There are two basic kinds of XML parsers defined in the XML 1.0 specification. Microsoft XML Core Services (MSXML) 5.0 for Microsoft Office can operate in either validating or nonvalidating mode.
- nonvalidating parsers
- Check document syntax and report all violations of well-formedness constraints. Nonvalidating parsers can also add information to the document based on declarations in the DTD. MSXML does read the DTD, including external resources, and acts on that information.
- validating parsers
- Perform the same functions as nonvalidating parsers, but also compare the structures of documents to rules in the DTD.
The needs of your application will determine whether you use validating or nonvalidating mode. If you're building a generic XML application that doesn't expect to see a particular set of document structures, a nonvalidating parser will allow you to work with documents that weren't built to be valid. By default, Microsoft Internet Explorer uses nonvalidating mode to accommodate the largest possible number of documents.
On the other hand, if you're creating systems for exchanging information with other organizations, and have had to agree on the format and content of those exchanges, DTDs (or schemas) and validating parsers are a good choice. They provide an extra layer of processing that lets you trim a lot of structure-checking code from your programs, while ensuring that document structures conform to the formats you agreed on prior to the transaction.
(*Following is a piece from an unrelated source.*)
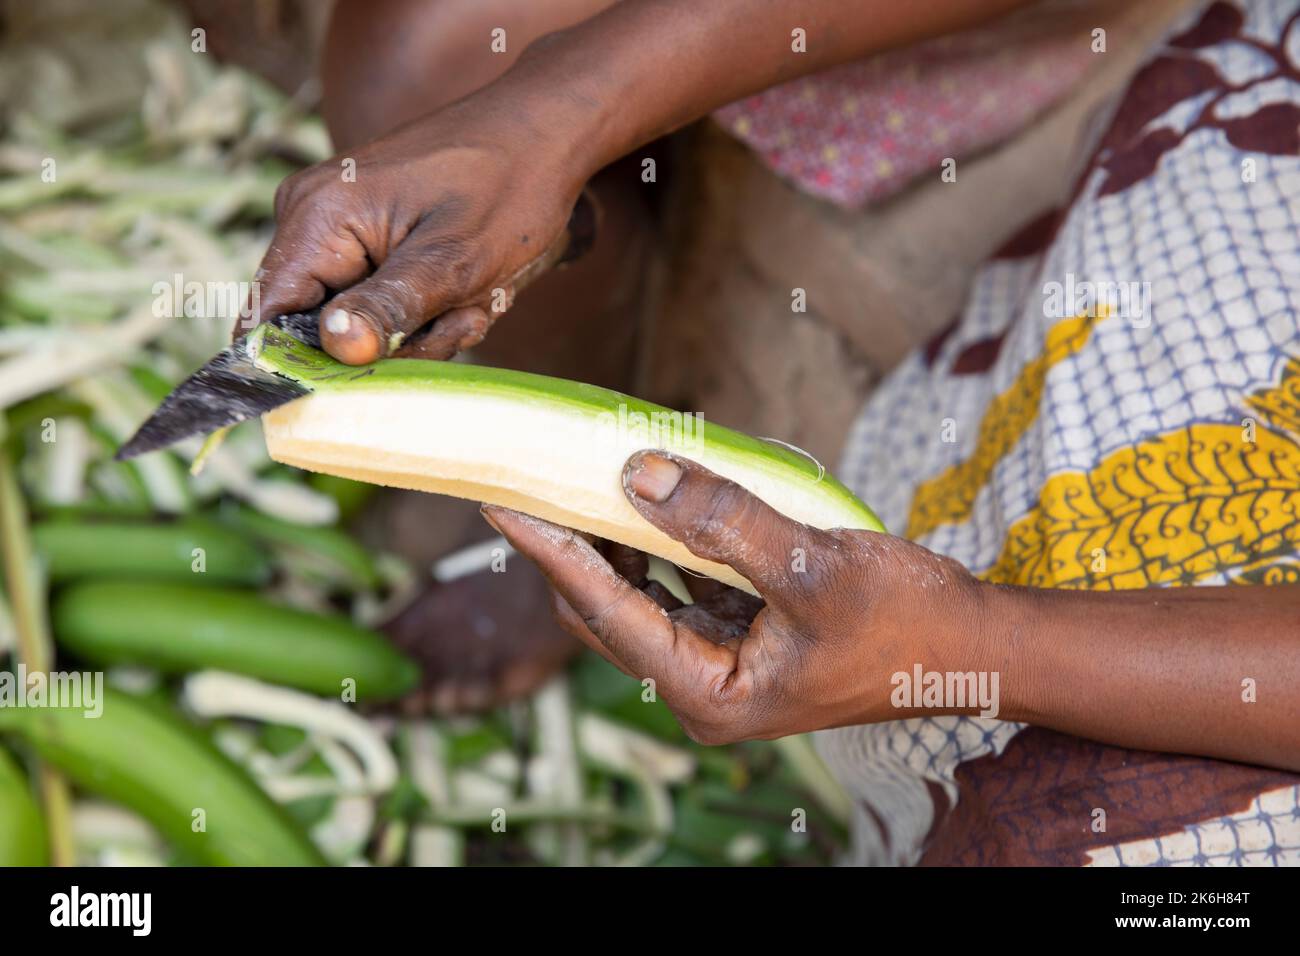 The East African Highland Banana, a starchy savory banana known locally as matoke, is a staple food in central and western Uganda, East Africa. Stock Photo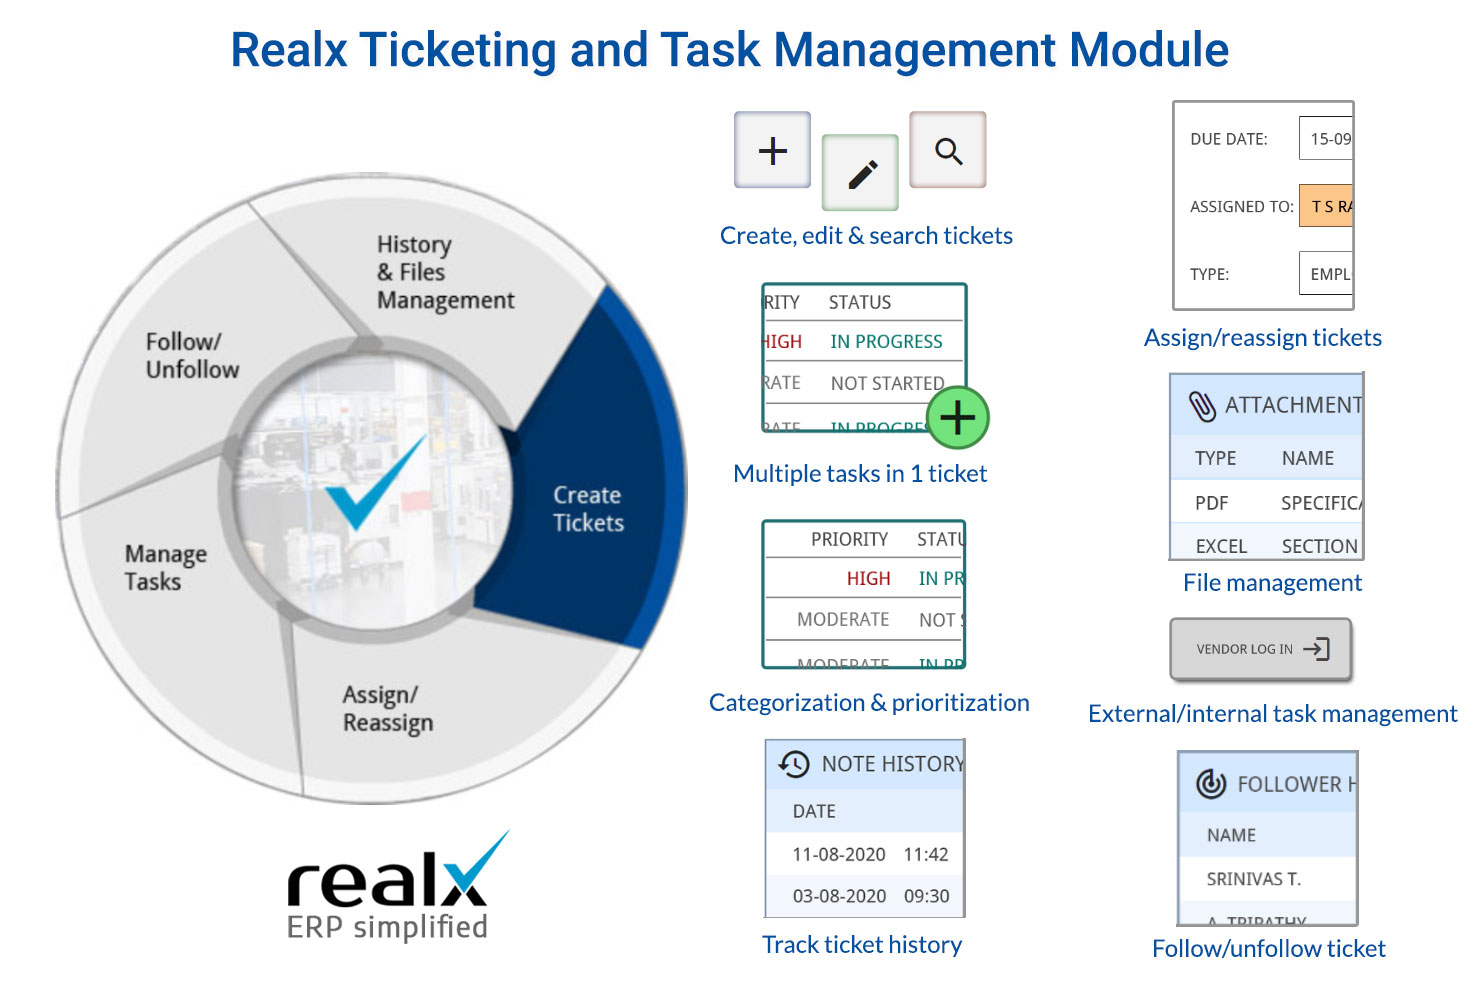 Manage tasks and stay connected seamlessly through Realx ERP's easy-to-use ticketing system, keeping your communications and tasks effortlessly organized in a single, accessible platform.

In many ways, DTDs and schemas are like contracts, and validating parsers enforce the terms of those contracts.
Testing for well-formedness with Internet Explorer 5.5
You can open any XML document labeled as XML in Internet Explorer. If the document is well-formed, Internet Explorer will display the document according to the style sheet specified within the document. If the document does not specify a style sheet, Internet Explorer will display the document using its default style sheet for XML. If the document is not well-formed, Internet Explorer will report an error. If a document has multiple errors, you might have to fix an error, reopen the document, and fix the next error.
Note To label a document as XML, assign it a file extension of .xml if you are opening it from a local file system or file server, or a Multipurpose Internet Mail Extensions (MIME) type of text/xml or application/xml if you are opening it over a Web connection.
Testing for validity with Internet Explorer 5.5
To use Internet Explorer to validate an XML document, you must set a switch in the parser before loading the document.
Microsoft offers an XML validator that sets these switches and provides an interface. This validator allows you to enter an XML document either as a URL or through a form. The validator parses the document using the MSXML parser in validating mode and reports any errors.
The core of the validator is this snippet of Microsoft JScript® code.
xmldoc= new ActiveXObject("Msxml2.DOMDocument.5.0"); xmldoc.validateOnParse = true; xmldoc.load(url);
The code appears as follows in Microsoft Visual Basic® Scripting Edition (VBScript).
Set xmldoc = CreateObject("Msxml2.DOMDocument.5.0") xmldoc.validateOnParse = true xmldoc.load(url)